El largo dedo de Blaze Fairchild golpeaba rítmicamente la pantalla de su teléfono.

Habían pasado tres minutos.

No iba a esperar más.

Blaze Fairchild terminó la videollamada e inmediatamente marcó un número, todo en un solo movimiento fluido.

Wyatt Kingston se asomó a la ventana, contemplando el suntuoso banquete que se celebraba abajo.

«Cuando triunfe —pensó—, voy a dar una fiesta de la victoria como esta».

—¿Cuánta gente se gradúa de las academias de arte dramático y cine cada año?

Todos son novatos que no consiguen ningún guion.

Mis dramas cortos podrían crear trabajos para ellos.

Nadie está haciendo dramas cortos ahora mismo.

Seré un pionero en ese mercado.

El único problema era que su viejo pensaba que los dramas cortos eran un insulto a la cultura cinematográfica y le prohibió desarrollarlos en Stellacube, alegando que mancharía su marca.
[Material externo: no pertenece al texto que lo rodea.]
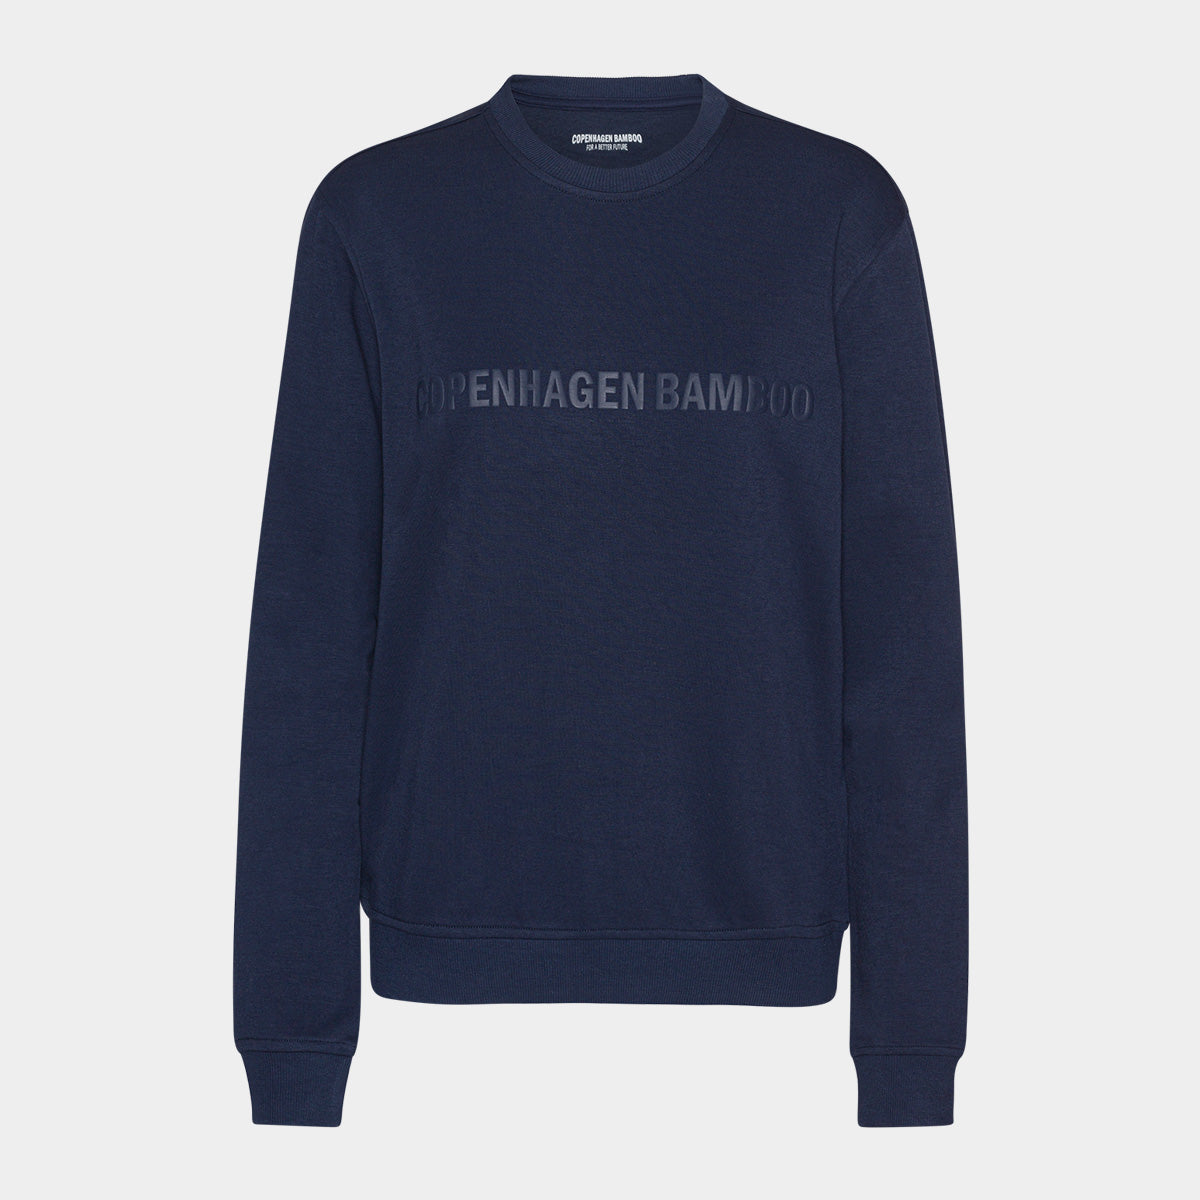 Se Navy bambus sweatshirt til mænd med logo fra Copenhagen Bamboo, S hos Bambustøj.dk

Así que no tuvo más remedio que empezar por su cuenta y buscar inversores.

Blaze Fairchild tenía el ojo más agudo del mundo de los negocios, y era su mejor amigo.

Era natural que prosperaran juntos.

Se dio la vuelta, lleno de entusiasmo, solo para encontrar a Blaze Fairchild al teléfono.

Aquello era un completo insulto a su proyecto.

—Leo… ¡Espera, jefe, tienes que escucharme!

¿A quién llamas?

—Tú.

Cállate.

Wyatt Kingston vio su expresión fría y sombría y se sorprendió por su seriedad.

«¿Quién podría ser más importante que una discusión sobre un proyecto para ganar dinero?».

Blaze Fairchild le lanzó una mirada gélida.

Wyatt Kingston hizo el gesto de cerrarse la cremallera de la boca, luego asintió y le hizo una señal de «OK».

Luna Axton se estaba contorsionando, tratando de encontrar el ángulo correcto para cortarse una uña del pie terriblemente encarnada.

Oyó débilmente el sonido de un teléfono.

Se detuvo y escuchó con atención.

De verdad estaba sonando.

«Debe de ser el de Blaze».

Luna Axton soltó un largo suspiro, estiró su dolorido cuello y fue a contestar el teléfono.

—Estoy bien.

—Llegas tres minutos tarde.

—Estaba intentando cortarme las uñas de los pies.

Tengo una encarnada, así que me está llevando un rato solucionarlo.

La línea quedó en silencio.

Tras una larga pausa, finalmente habló.

«Los dedos de los pies de Blaze eran tan largos y sus uñas tan perfectas; seguro que nunca había experimentado el dolor de una uña encarnada».

Supuso que, como Blaze no decía nada, estaba a punto de colgar.

Justo entonces, su voz llegó, desprovista de toda emoción.

—Yo me encargaré cuando vuelva.

Luego colgó.

Luna Axton tardó en procesarlo.

«¿Qué quiere decir con que “él se encargará”?

¿Va Blaze a cortarme las uñas de los pies?».

Las orejas de Luna Axton se pusieron al rojo vivo al instante, y un sonrojo se extendió por sus mejillas.

Cortarle las uñas de los pies o limpiarle los oídos a alguien eran actos íntimos.

Su relación con Blaze claramente no había llegado a esa fase.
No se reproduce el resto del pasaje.